Other speakers included anthropologist and Prof. of Community Health, Dr. Lucile Newman of Brown University, and Dr. Henry David, who recounted anecdotes of their collaboration in Prague and elsewhere in the early 1970s. Dr. Brodys daughter, Dr. Julie Anne Brody, showed slides of Prof. Brody ‘s early life.
One of the people making long journeys to attend the celebration was former WFMH Board member Peter McGeorge of Auckland, New Zealand, who travelled 18 hours each way to spend three days in Cambridge. Another long-distance traveller was Prof. Louis Kikuchi, who came from Waseda University, Japan. The two Canadian representatives were Prof. Chuni Roy from Vancouver, who leads the organizing committee for the Federations World Congress in 2001, and Board advisor Bill Wilkerson of Toronto.

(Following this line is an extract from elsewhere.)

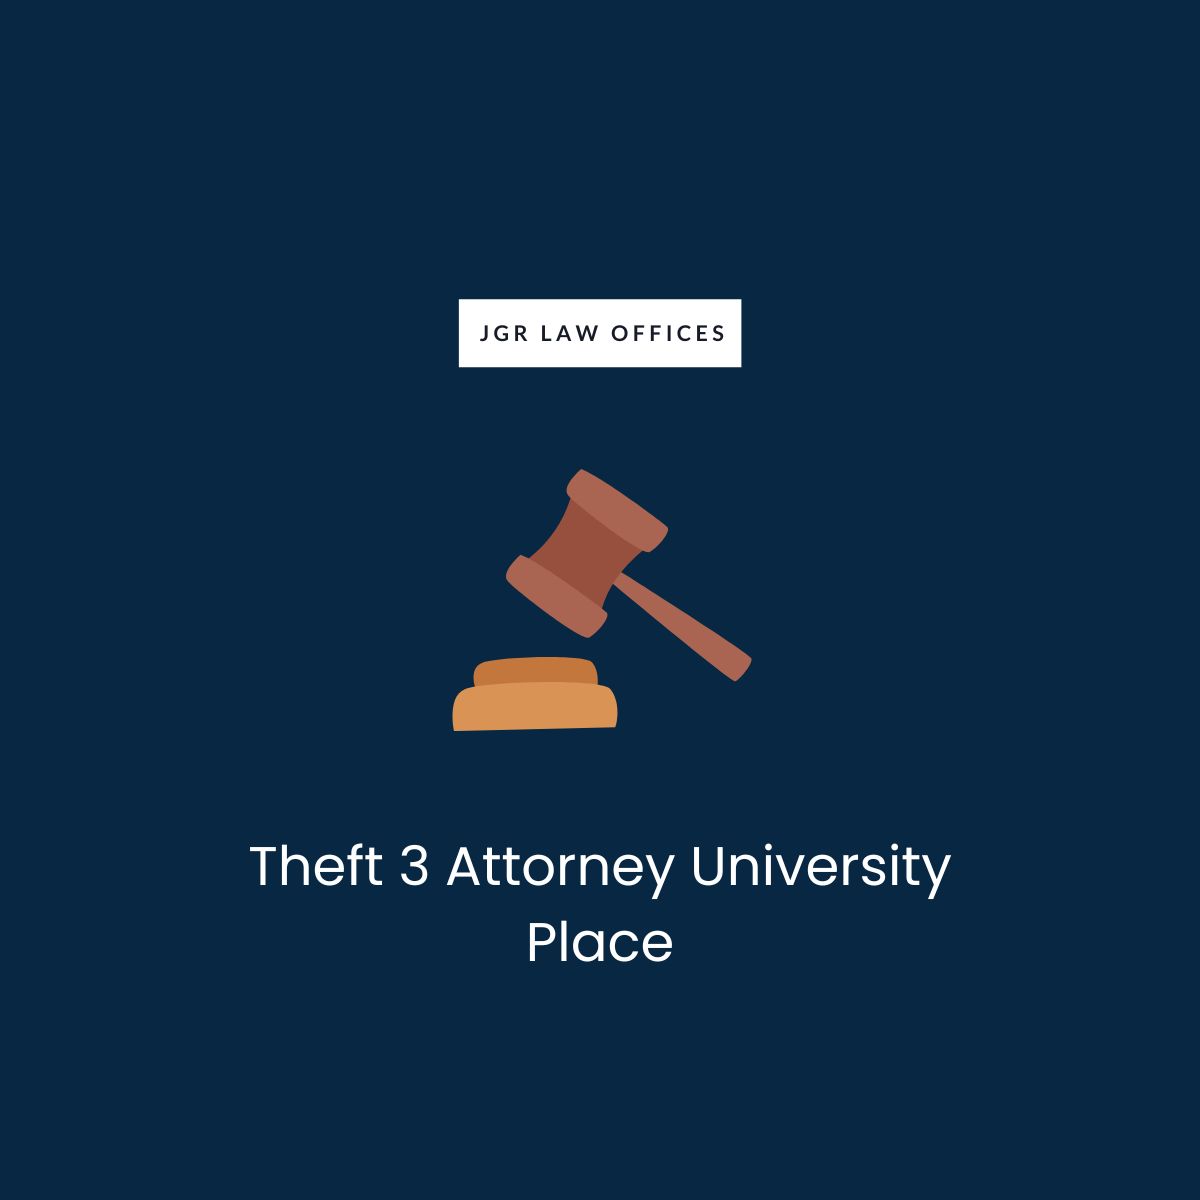 Theft 3 Lawyer University Place Theft 3 Theft 3
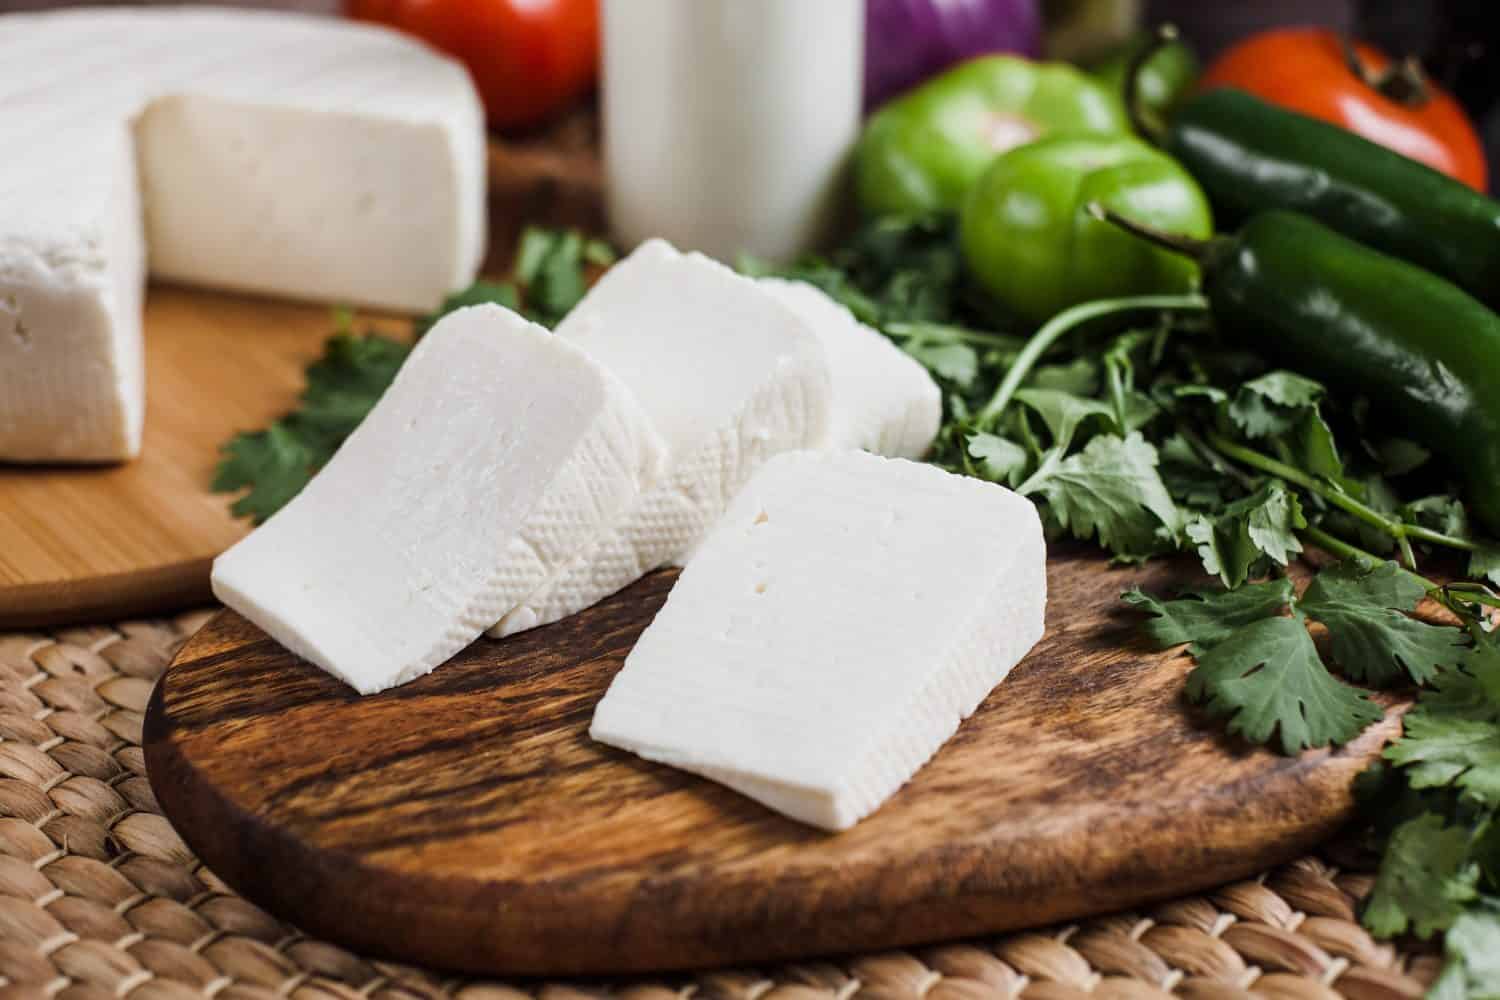 Mexican white panela cheese with fresh ingredients in Mexico Latin America

Many of those present were well-wishers and colleagues from the United States. The American WFMH contingent was led by Deputy Secretary General Richard Hunter. Dr. Thomas Bornemann, Board advisor, attended from the Center for Mental Health Services in the US Department of Health and Human Services. Dr. Barry Jay, secretary of the WFMH Committee on the Commercial Sexual Exploitation of Children, travelled from Michigan with his wife to attend. Also present was Prof. Arthur Stone, director of the Applied Behavioral Medicine Research Institute of the School of Medicine, State University of New York, Stony Brook, a WFMH Collaborating Center. Dr. Anke Ehrhardt came from Columbia University, New York, where she is director of the HIV Center for Clinical and Behavioral Studies.
Prof. Brody continues as Editor-in-Chief of the Journal of Nervous and Mental Disease, the worlds oldest independent periodical in its field appearing monthly since 1874; Visiting Professor of Psychiatry at Harvard Medical School; Senior Associate at the Johns Hopkins University School of Public Health; and Professor and Chairman of Psychiatry Emeritus at the University of Maryland, making weekly rounds as a consultant to the liaison-consultation service of the University-affiliated US Veteran’s Administration Hospital. As an honorary staff member at the Sheppard Pratt Hospital in Baltimore he is available to medical residents interested in international work. He will remain as a WFMH volunteer, giving the Federation approximately 10 percent time and maintaining a WFMH office managed by WFMH Associate Director for Programs, Dr. Elena Berger, in his Journal suite.